- [Data segment]
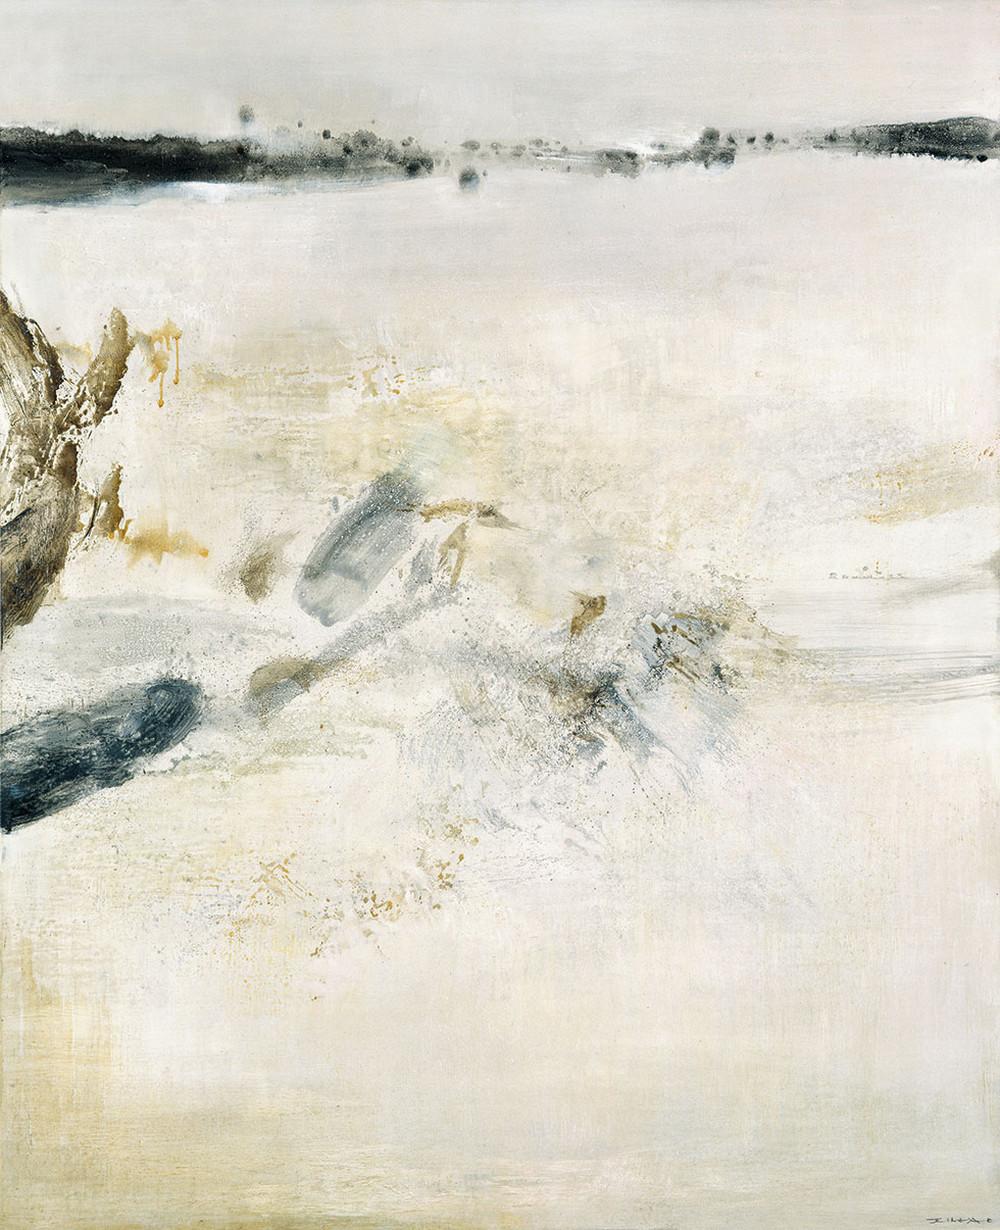 Картины Чжао Уцзи художник Zao Wou-Ki 48
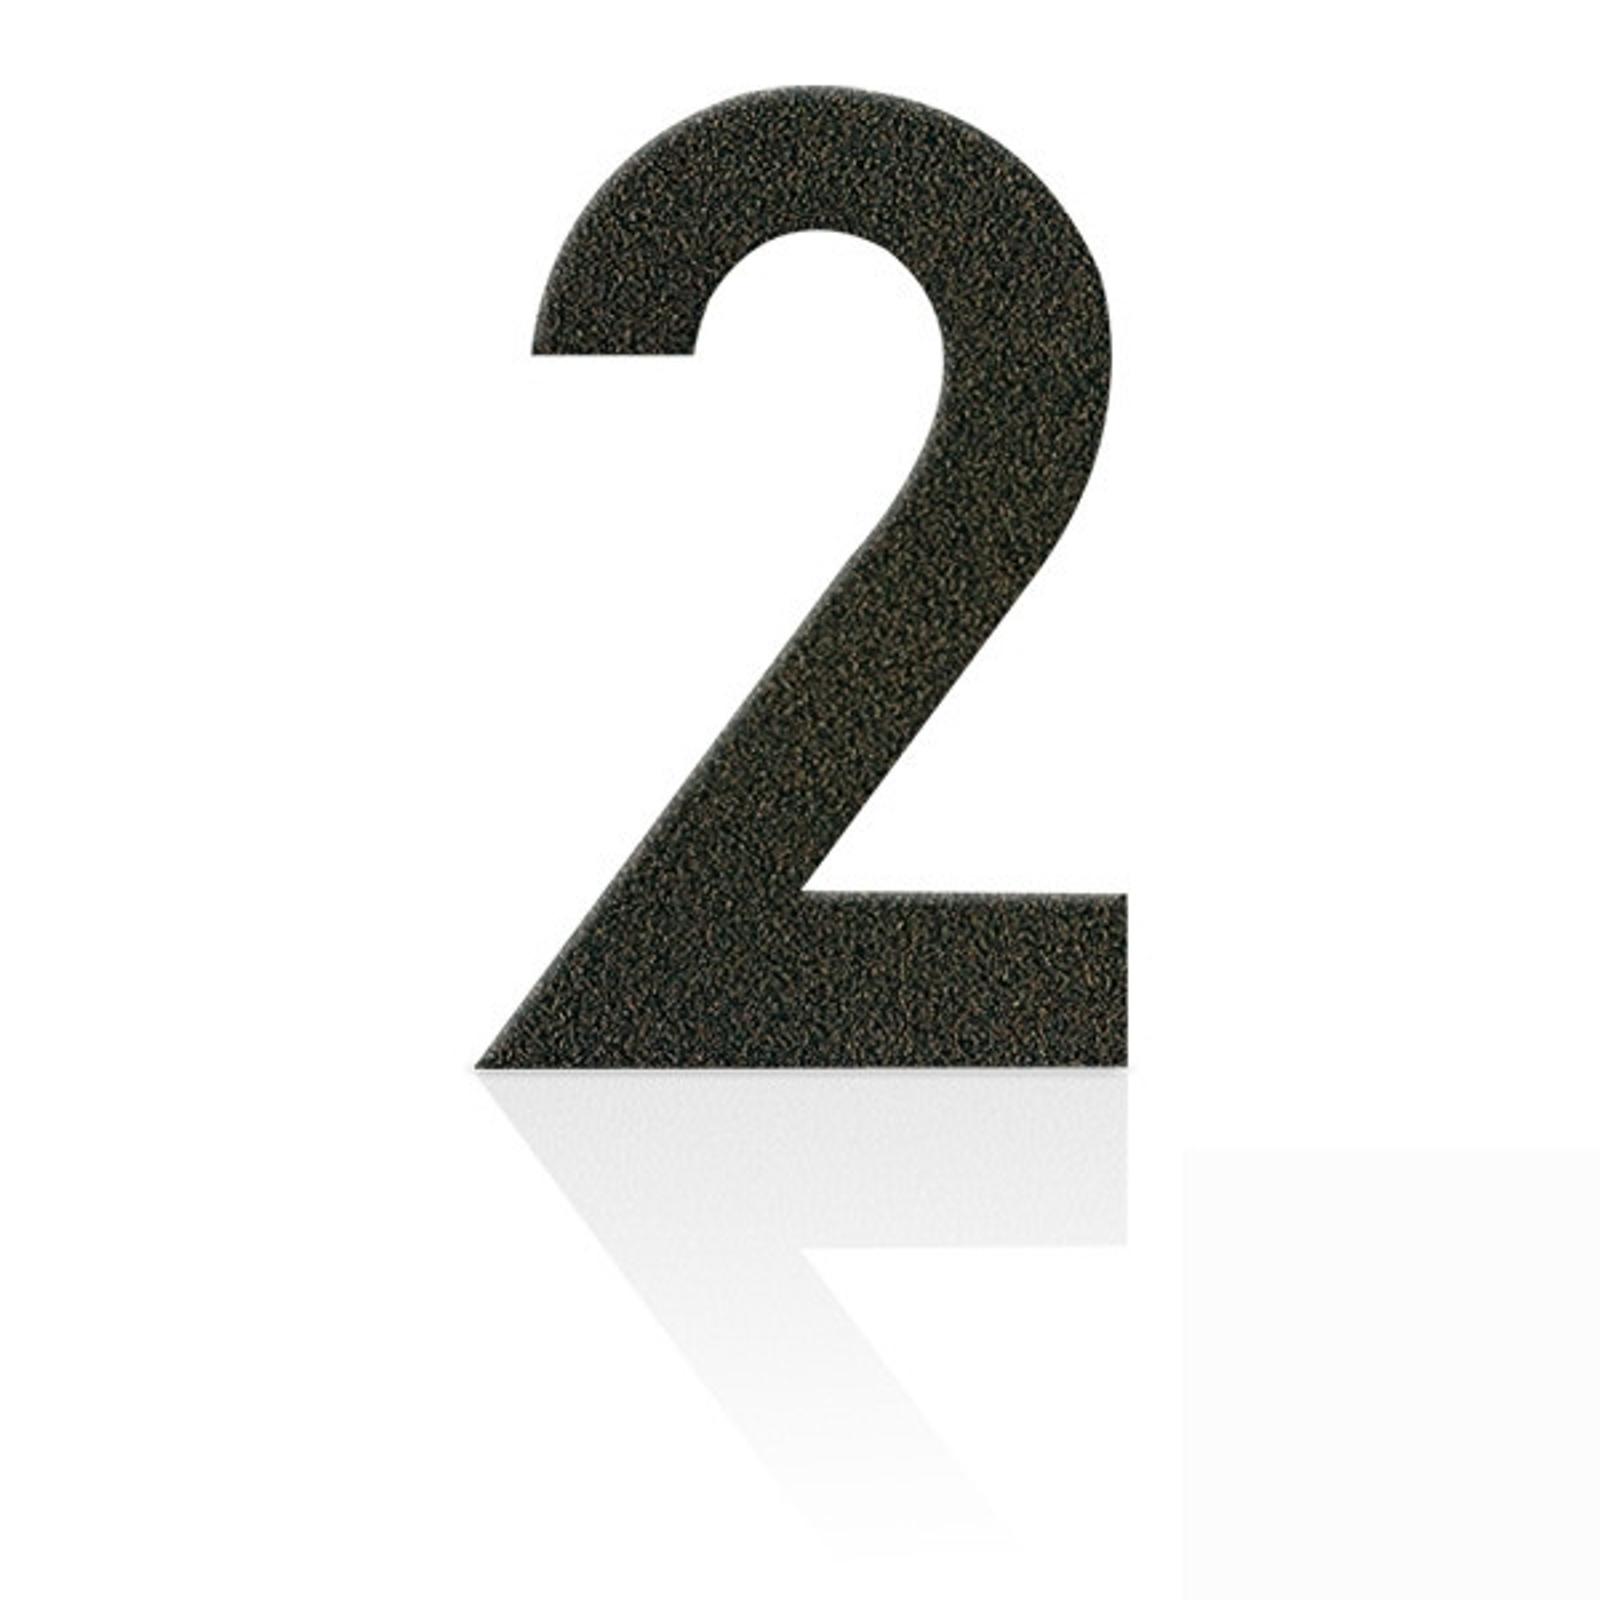 Produktové foto Heibi Nerezová domovní čísla číslice 2, hnědá mocca
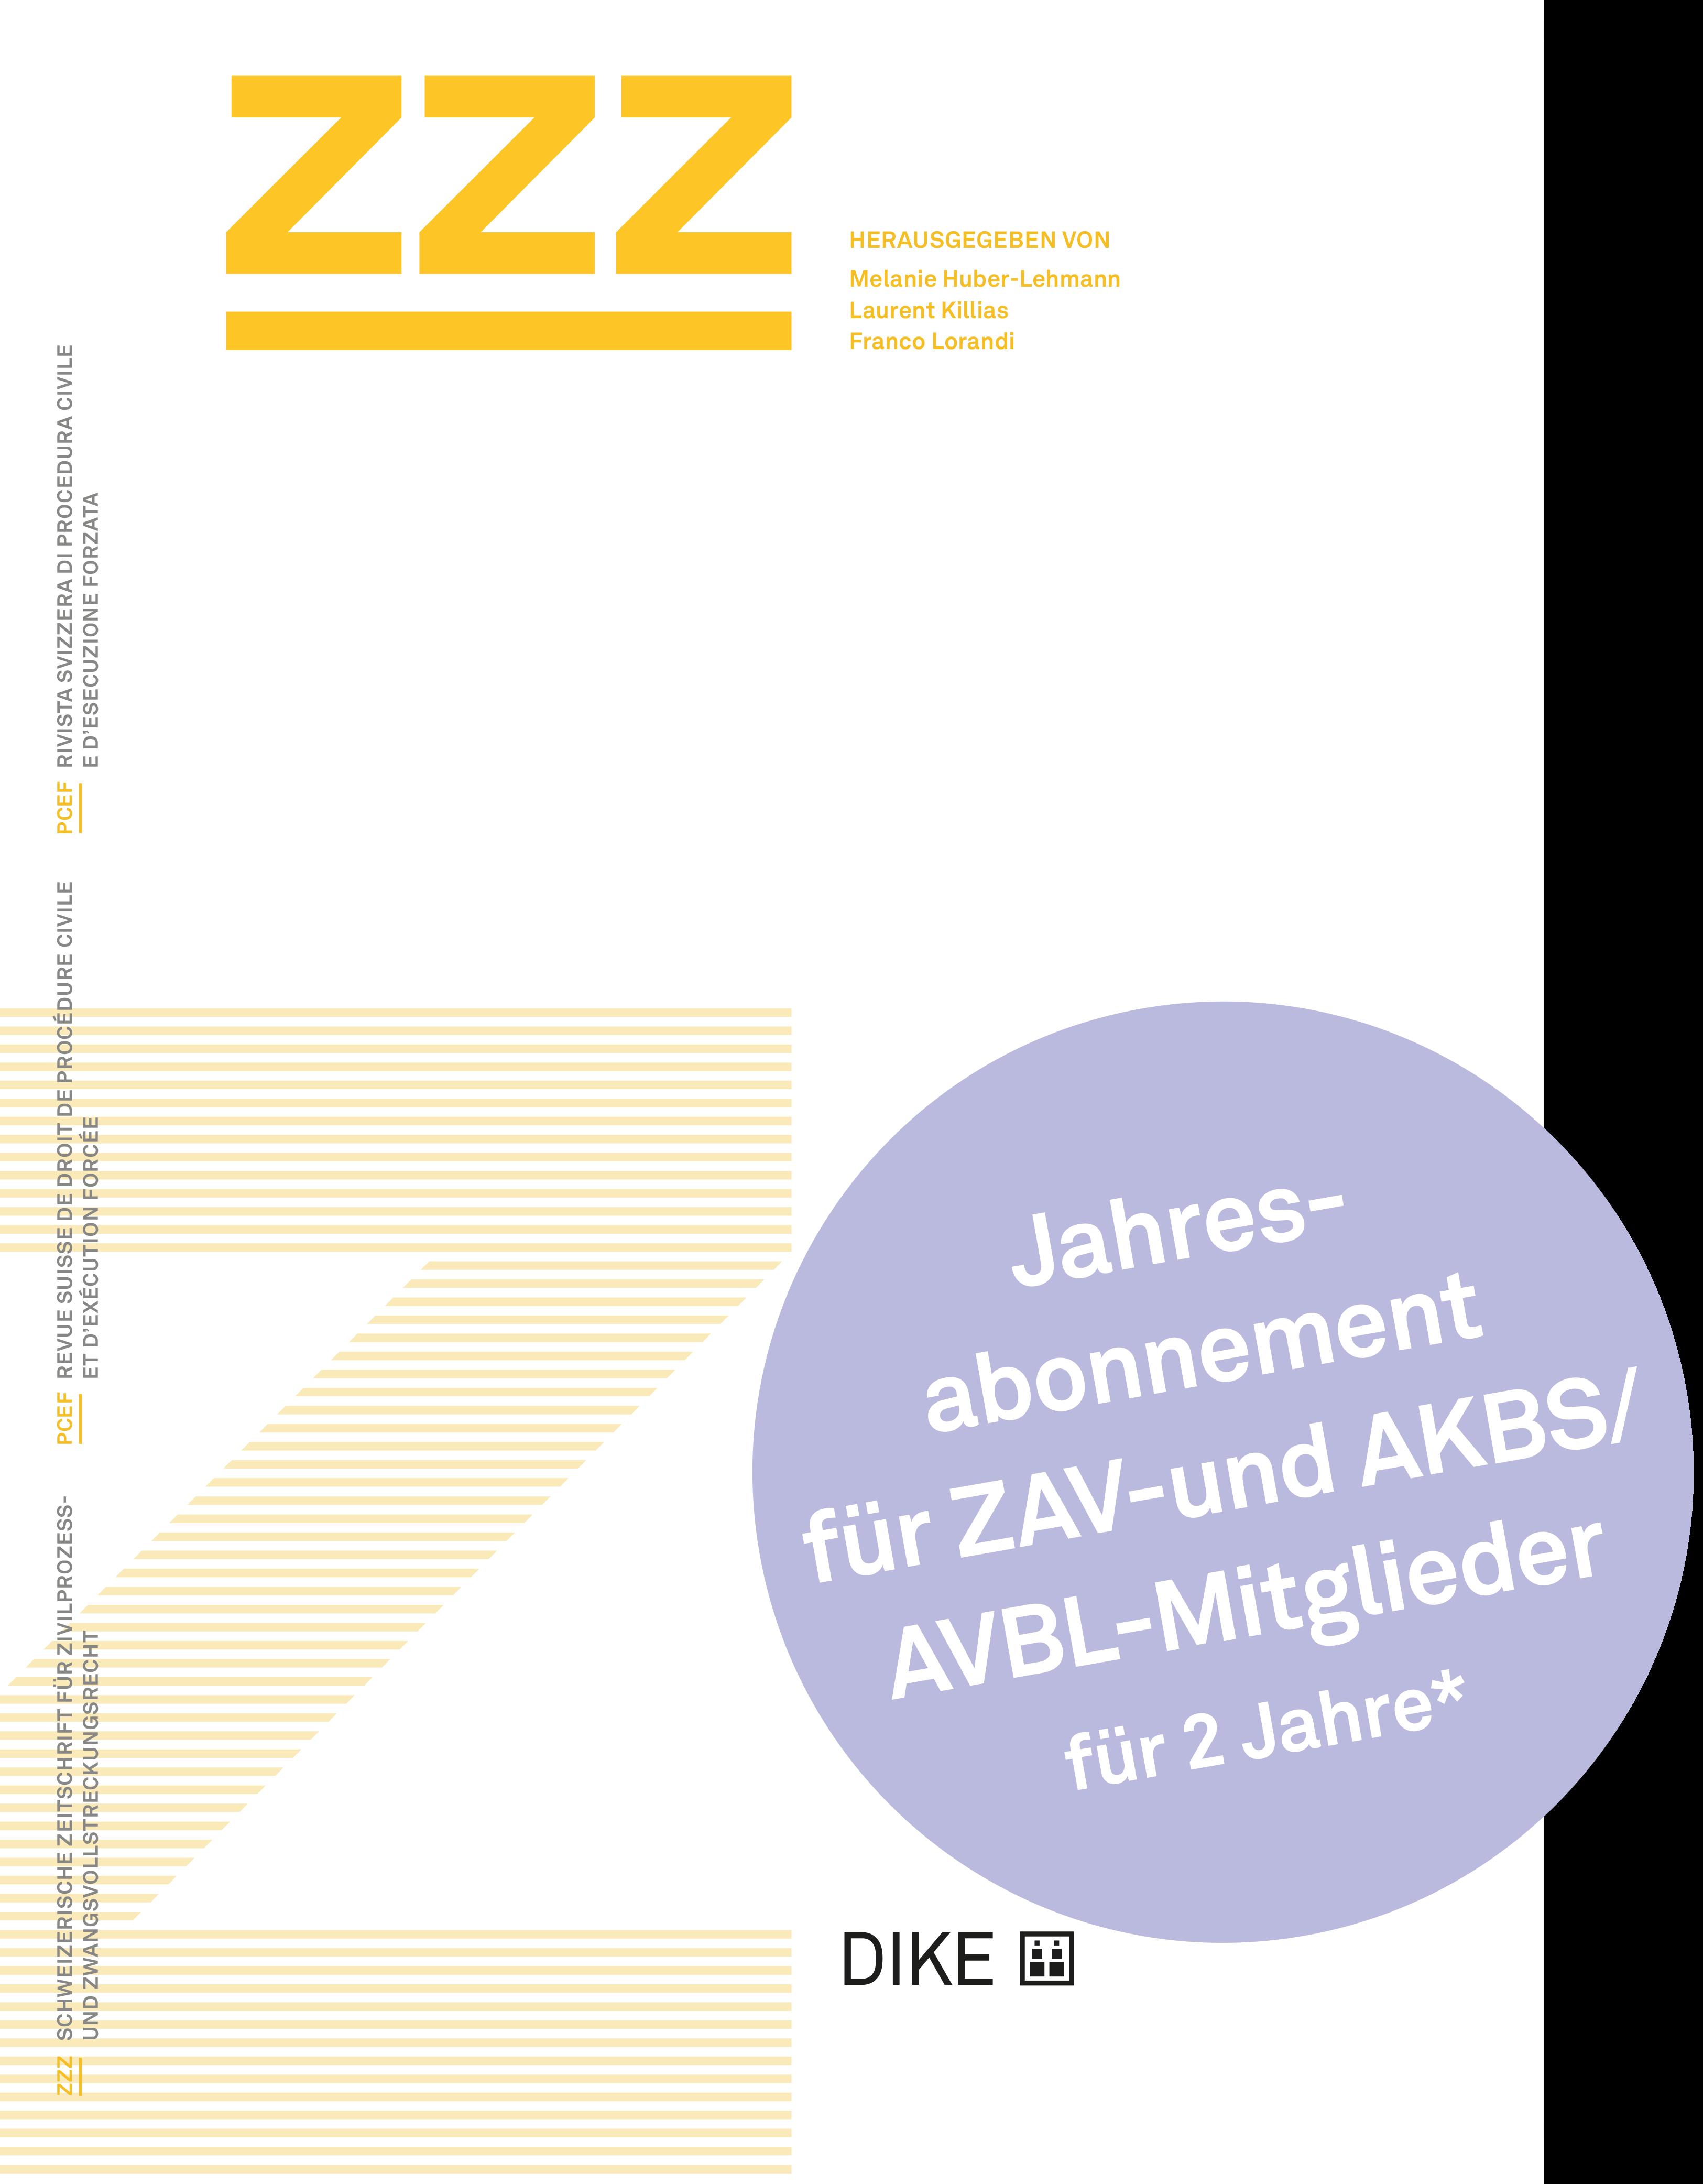 ZZZ Abonnement für ZAV- und AKBS/AVBL-Mitglieder

- [Exercise goal] Word for word, return the material above; the pictures stay out.

- [Answer space]
 Картины Чжао Уцзи художник Zao Wou-Ki 48
 Produktové foto Heibi Nerezová domovní čísla číslice 2, hnědá mocca
 ZZZ Abonnement für ZAV- und AKBS/AVBL-Mitglieder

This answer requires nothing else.